Thus, in this study, we used genes significantly associated with tryptophan metabolism pathway score to determine the molecular subtypes. Specifically, consensus clustering followed by subsequent comparison of clinical signatures, different signaling pathways, and immune-related properties among different subtypes will be performed. We then identified genes associated with the tryptophan metabolism phenotype by differential expression analysis and LASSO. We further predict GC patients’ outcome by constructing a risk model, which is also used for personalized treatment.

Materials and methods

Data sources, collection, and preprocessing

The data related to mutation, copy number variation, and RNA-Seq profile of TCGA-STAD via TCGA GDC API were downloaded first ( GSE66229 expression data from the GEO database were obtained ( Samples need to be processed as follows (Brenner et al., 2009): excision of samples of primary tumors (Lambert et al., 2002); removal of incomplete samples with clinical characteristic information to ensure that samples have complete clinical prognostic information and transcriptome expression data. TCGA-STAD was the training set and the GSE66229 dataset was the validation set. We excluded samples without survival time or status. Finally, a sum of 350 primary tumor samples together with 32 normal matches were screened. We kept the protein-encoding genes for TCGA RNA-seq data analysis. Meanwhile, all data were log2 transformed, and RNA expression data were normalized. For the GEO dataset, 300 GC samples were finally screened. Specifically, the annotation information for each chip platform was acquired and subsequently utilized to map probes with all the detected genes. Then, we removed the probes that matched more than one gene. When one gene can be matched by more than one probes, the mean value of the gene expression was calculated and set as the value for that specific gene.

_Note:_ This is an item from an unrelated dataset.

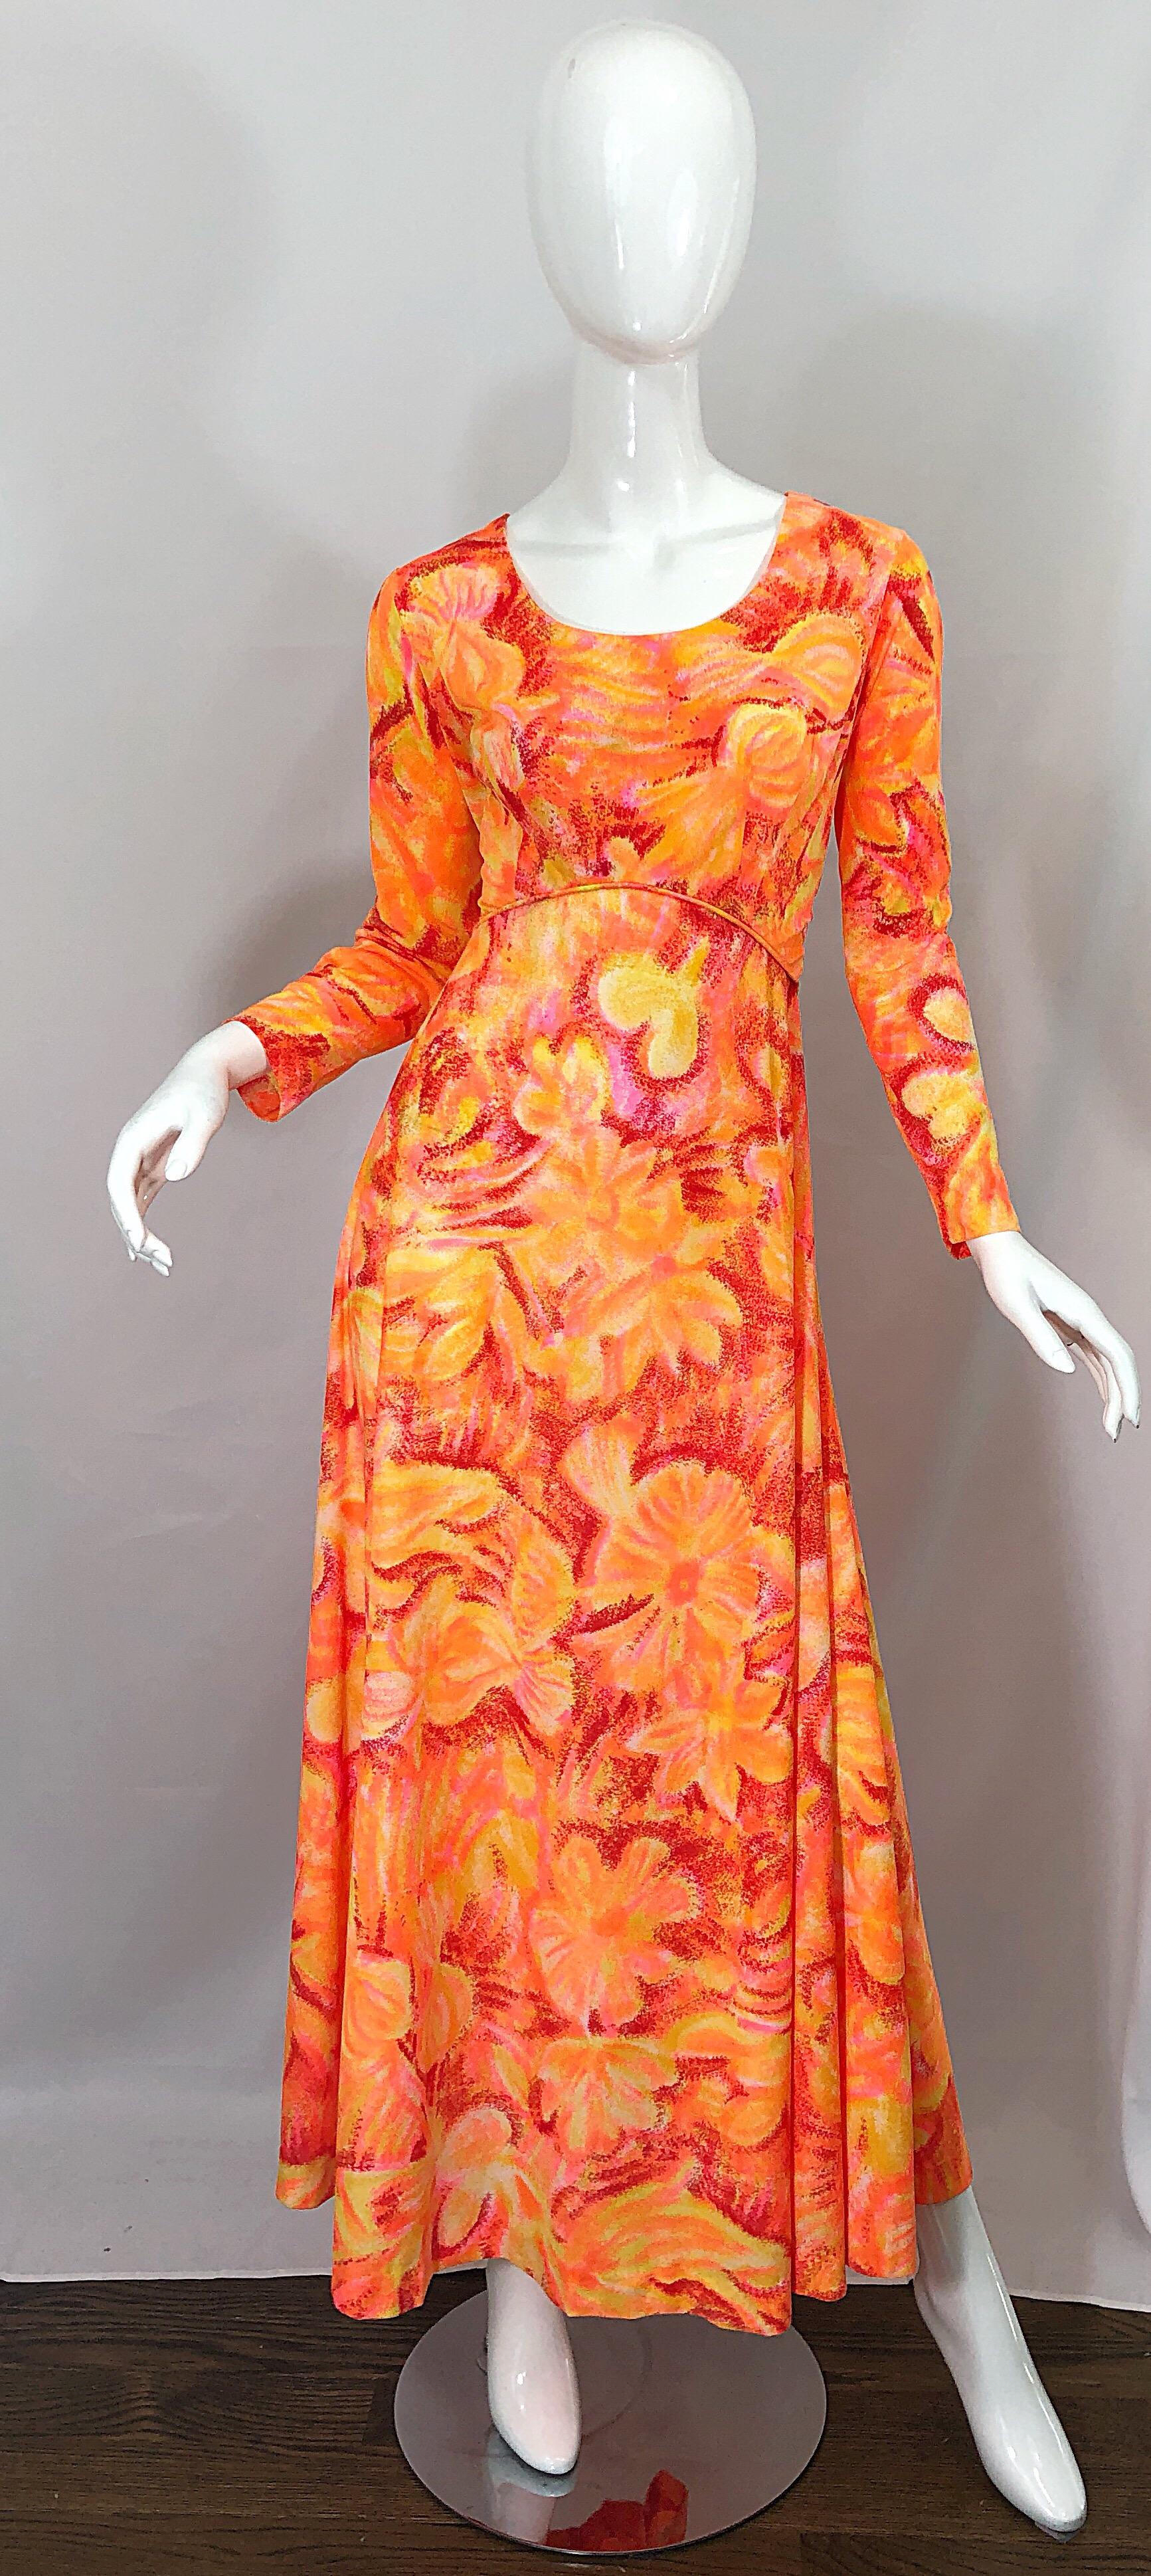 Amazing 1970s bright neon orange and hot pink abstract flower print long sleeve jersey maxi dress! Features a flattering empire waist style fit, with a fitted bodice and a free flowing full skirt. Soft nylon blend jersey fabric stretches to fit.

The tryptophan metabolism-related gene information is derived from a specific pathway named “KEGG_TRYPTOPHAN_METABOLISM”, which can be found in the Molecular Signatures Database (MSigDB) (

Molecular subtypes of tryptophan metabolism-associated genes

We constructed a consensus matrix and clustered the samples through consensus clustering (Wilkerson and Hayes, 2010). The transcriptional expressions of prognostic genes, which are involved in the tryptophan metabolism score, were subsequently evaluated to determine the molecular subtypes. We executed 500 bootstraps employing the “hc” algorithm and “pearson” as the metric distance. Each bootstrap process involved around 80% of the training set patients. The cluster number was set within a range of 2–10, and we determined the optimal classification via cumulative distribution function (CDF). Notably, the consistency of CDF was carefully evaluated when constructing various molecular subtypes for GC samples.

Risk model

The distinctly expressed genes were identified among the molecular subtypes, and then the distinctly expressed genes associated with statistical significance for prognosis were sorted out (|Log2FC|>1 and FDR<0.05). The gene numbers were further condensed by Lasso regression, and the prognostic genes potentially contributing to the tryptophan metabolism phenotype were filtered. Then, the risk score for each patient was calculated by the formula:

RiskScore = Σβi×Expi, where Expi is the expression value of each prognostic gene that determines tryptophan metabolism phenotype. The Cox regression coefficient of corresponding prognostic gene is referred to as β. Based on the calculated numbers, samples were then distributed into two subgroups, that is, RiskScore-high and RiskScore-low groups, with the threshold set as “0″. The commonly used Kaplan-Meier method was utilized to analyze patient survival, and the patients’ statistical significance was calculated via a log-rank test.


In different molecular subtypes, pathways of different biological processes were investigated by performing GSEA for signaling pathway analysis based on the candidate gene sets from the KEGG/hallmark (

Calculation of cell invasion abundance in tumor microenvironment

Relative abundance of 22 immune cells in tumor tissues and percentage of immune cells was determined using CIBERSORT algorithm ( and ESTIMATE software (Wilkerson and Hayes, 2010), respectively. A total of 28 immune cells were scored using ssGSEA function (Charoentong et al., 2017).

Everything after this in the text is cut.